(Requirement):
Output exactly, and only, the lines below from the one with "Squier Strat by Fender electric guitar" down to the one with "Guide to Acquisition". Include both end lines and no pictures.
** Material for this task follows **
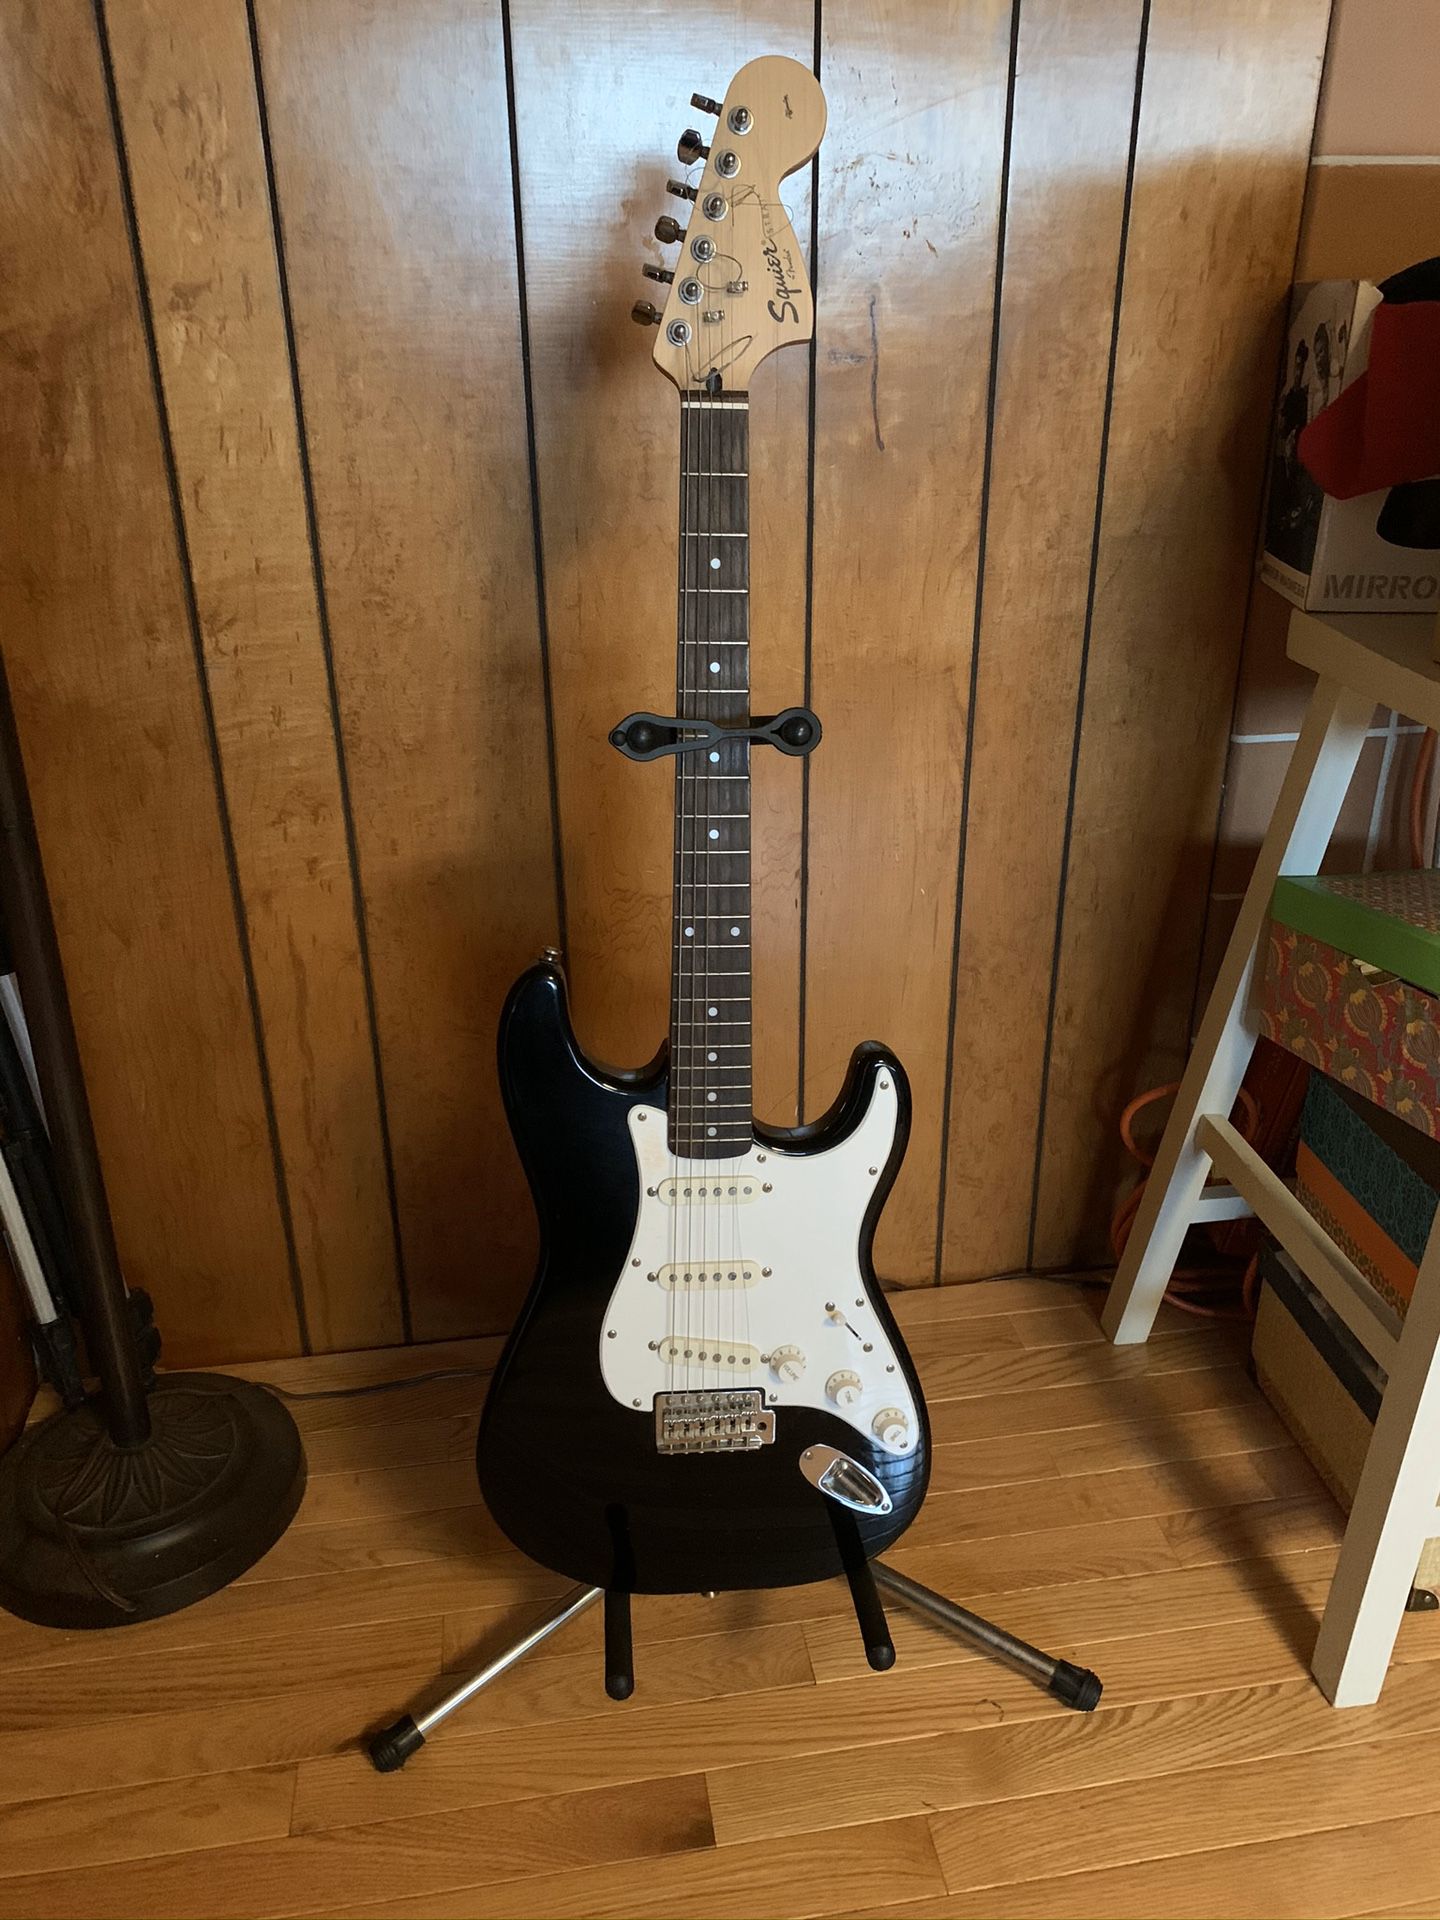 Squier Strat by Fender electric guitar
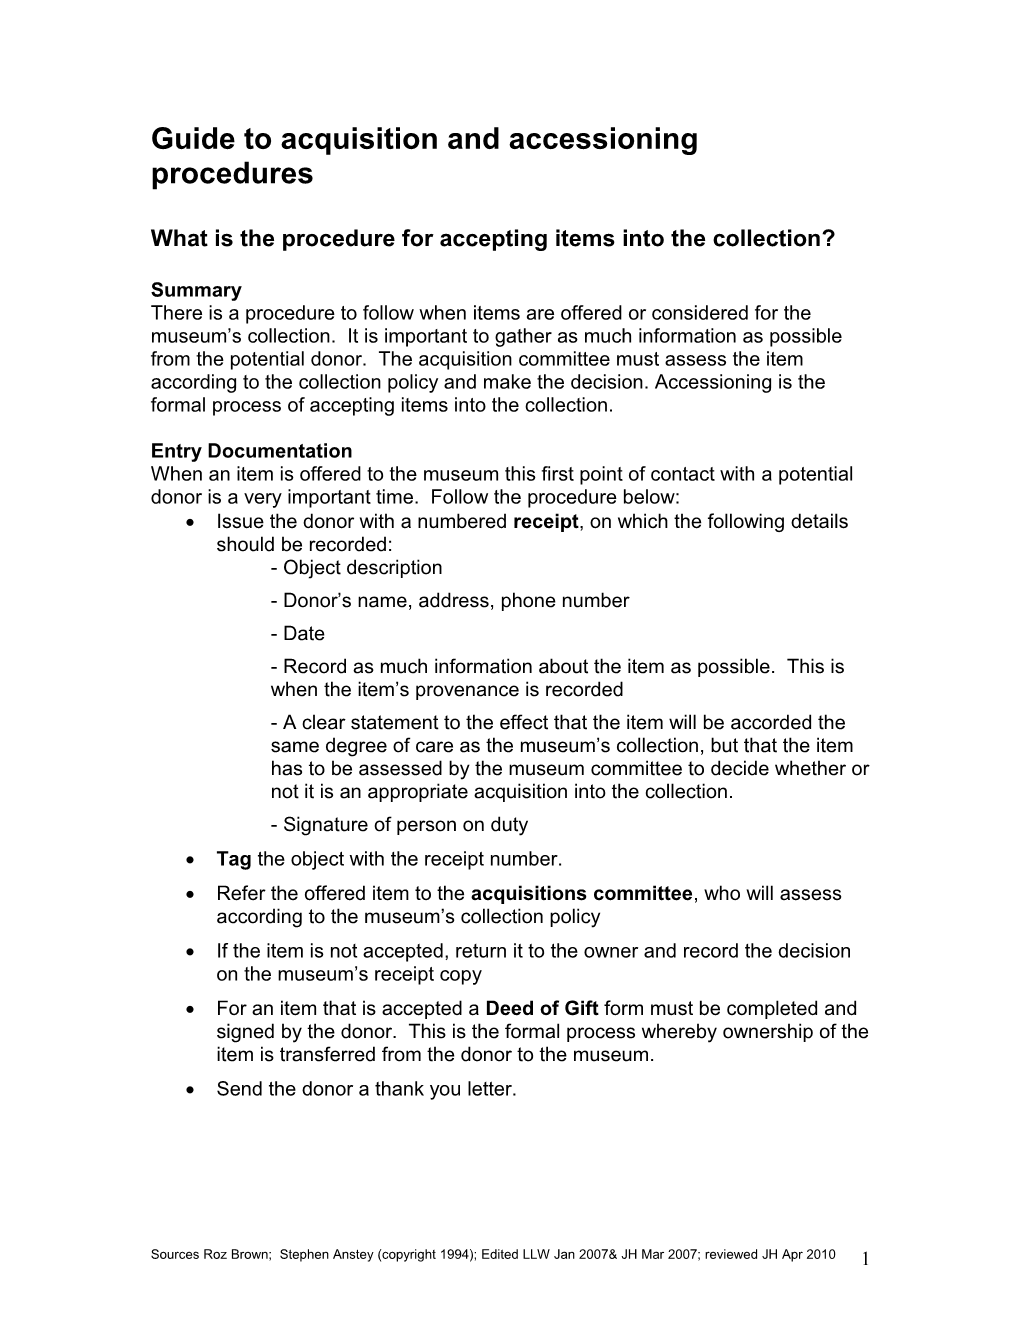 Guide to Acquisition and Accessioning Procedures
** End of Material for this task **
** Material for this task follows **
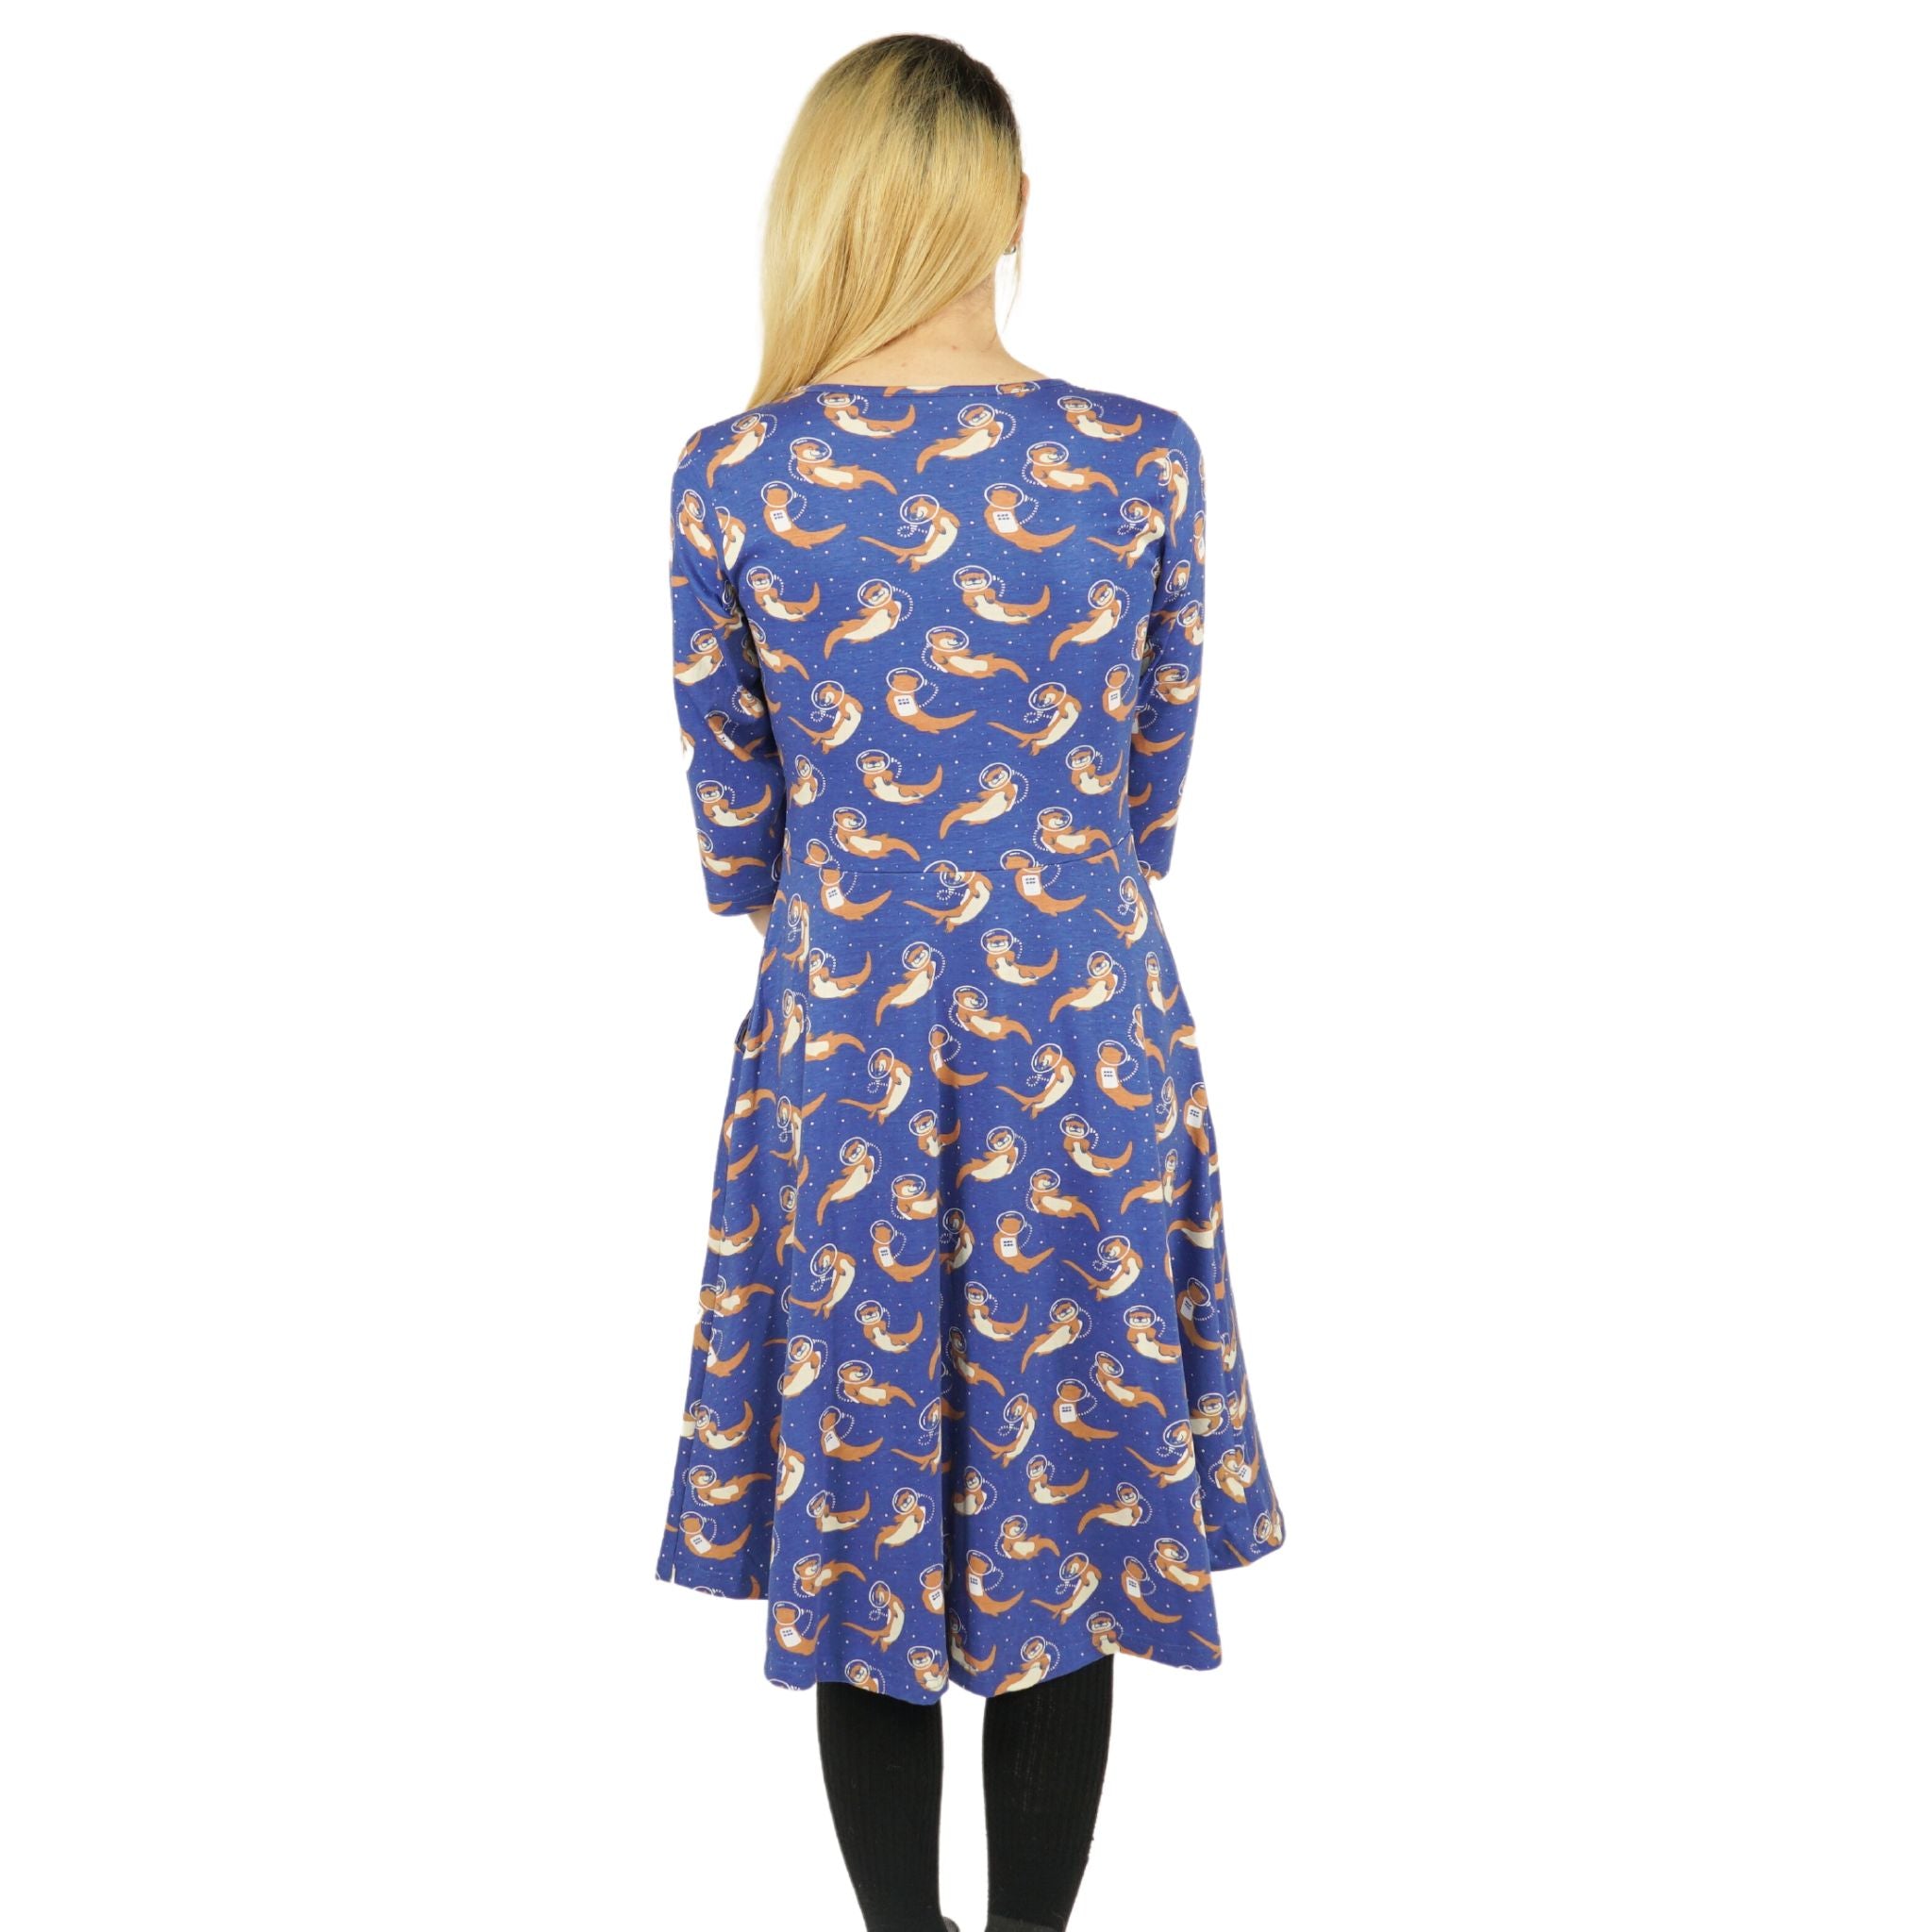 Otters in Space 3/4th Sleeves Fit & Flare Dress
** End of Material for this task **
(Solution to this task):
 Squier Strat by Fender electric guitar
 Guide to Acquisition and Accessioning Procedures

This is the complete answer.